Image of the week: Tough crowd
President Obama this week addressed the Business Roundtable – a bunch of chief executives from large corporations – and he was talking up the national mood. “America’s winning right now. America’s great right now. We can do even better,” he told them, decrying the “perennial gloom and doom” of certain presidential candidates. In his speech, Obama pushed for factions within the Republican party to grow up and drop their insistence that funding for Planned Parenthood be blocked. A partial government shutdown, a sequel to 2013’s shutdown, will take effect from October 1st unless there is a breakthrough in Congress budget negotiations. He must be counting down the days until he’s an ex-president. Photograph: Carlos Barria/Reuters
In Numbers: Sachs symphony
$15 Monthly sum that finance messaging service Symphony, backed by Goldman Sachs, is charging clients in a bid to usurp Bloomberg and Thomson Reuters terminals from trading desks.
$1,850 Monthly cost per user of a Bloomberg terminal, according to the Financial Times.
30,000 Network of trial users that Symphony has built up.
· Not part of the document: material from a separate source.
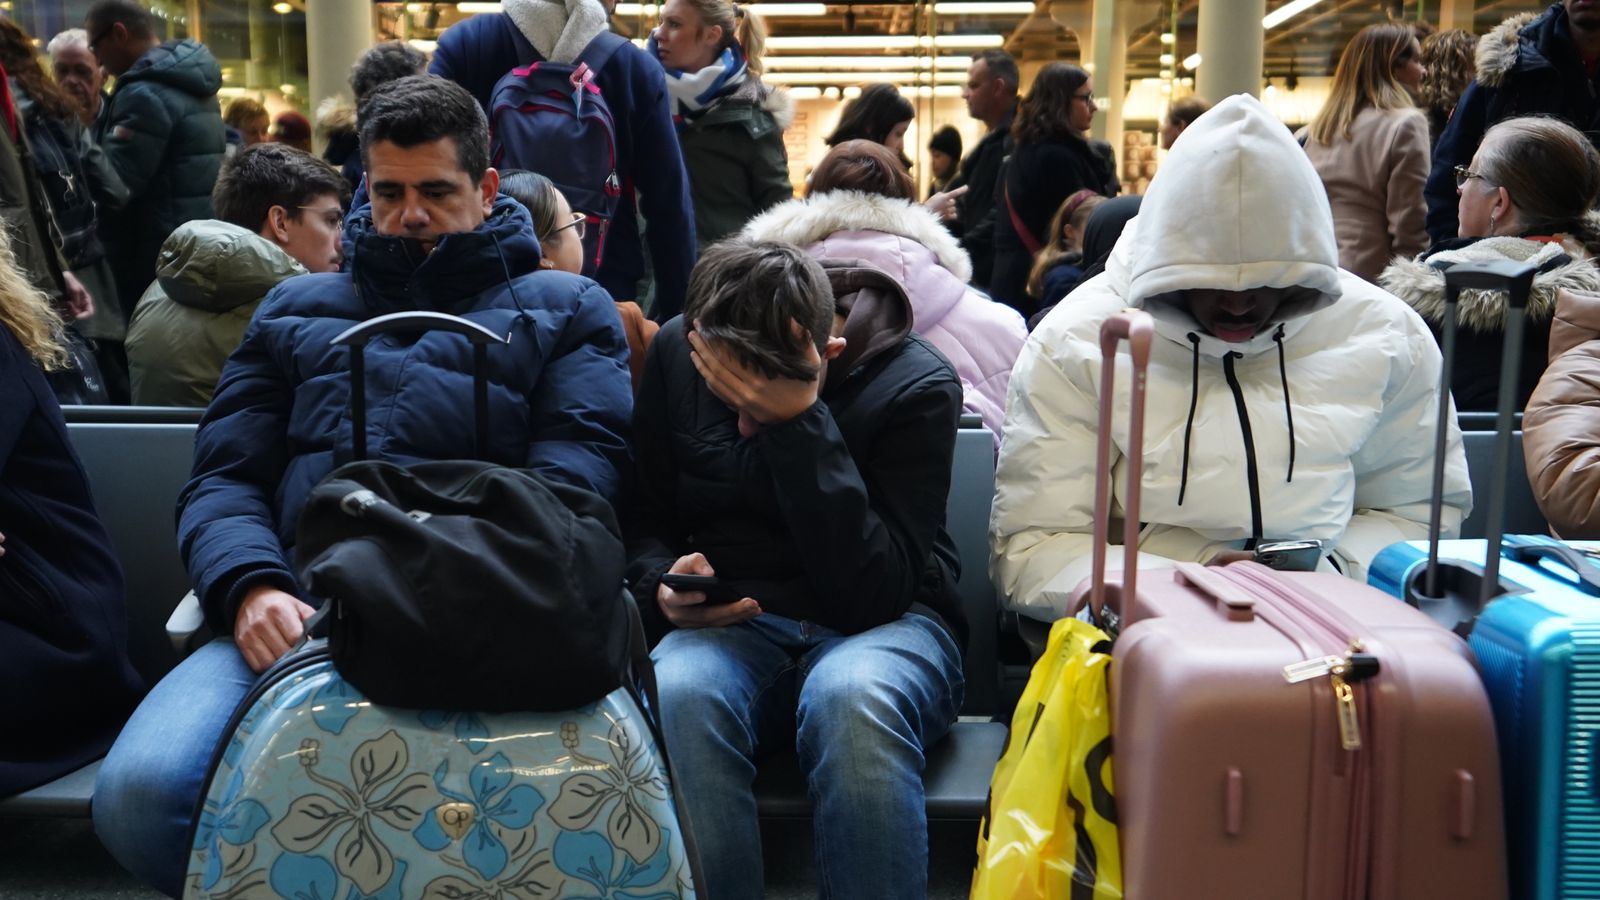 Eurostar предупреждава за повече закъснения, тъй като влаковете се възобновяват - докато други железопътни фирми също прогнозират „големи прекъсвания“

It has now announced a tie-up with news feed provider Dow Jones, which says Symphony is a “network of arteries that will eventually be driving the lifeblood of Wall Street”.
The Lexicon: 8K
The television market is still getting to grips with 4K, aka ultra HD, but in October, the first 8K screen will go on sale, courtesy of Sharp. The 85-inch device will have a price tag of about €117,000, so it's probably not going to be on anyone's Christmas wish list, notwithstanding all the usual promises about creating a "cinema-like" experience. So far Japan's NHK is the only broadcaster to announce plans to create and broadcast 8K content – it hopes to show all of Tokyo's 2020 Olympic Games in 8K. Every bead of sweat, etc...
Getting to know: Malcolm Turnbull
The man known in Australia as “Mr Broadband” is now its prime minister. Malcolm Turnbull (60) this week ousted Tony Abbott to retake his position as Liberal Party leader and become Australia’s fourth prime minister in about two years. The multimillionaire was previously its minister for communications, hence the nickname. He rose to prominence in the mid-1980s for successfully representing ex-MI5 man Peter Wright in the Spycatcher case, which saw the British government lose its attempt to block publication of Wright’s memoirs.
The list: Chocolate wars
Don’t let anyone tell you anything different: Chocolate is a seriously bitter business with a surprising amount of lawyers involved.
1 Four fingers Cadbury has declared itself "pleased" this week after rival Nestle failed to convince the European Court of Justice that it has the right to trademark the shape of its four-finger KitKat.
2 Colour purple There was joy for Nestle when Cadbury lost its bid to trademark the use of its favourite colour, Pantone 2865c. Nestle's Big Purple One lives.
3 Import pain Hershey, which holds the licence to make "Cadbury" chocolate in the US, has tried to crack down on retailers that import the real stuff from Britain on the grounds that the Hershey's variety is "brown, and that's about it".
4 Bunny battle Lindt has made a chocolate rabbit wrapped in gold foil with a red ribbon since 1952, but knock-offs prevail after it lost a trademark application in 2012.
5 Vegetable fat Spain and Italy were the last holdouts in Europe's long-running chocolate war. They demanded in vain that the British and Irish stuff be called "chocolate substitute" on the grounds it is not made with 100 per cent cocoa butter.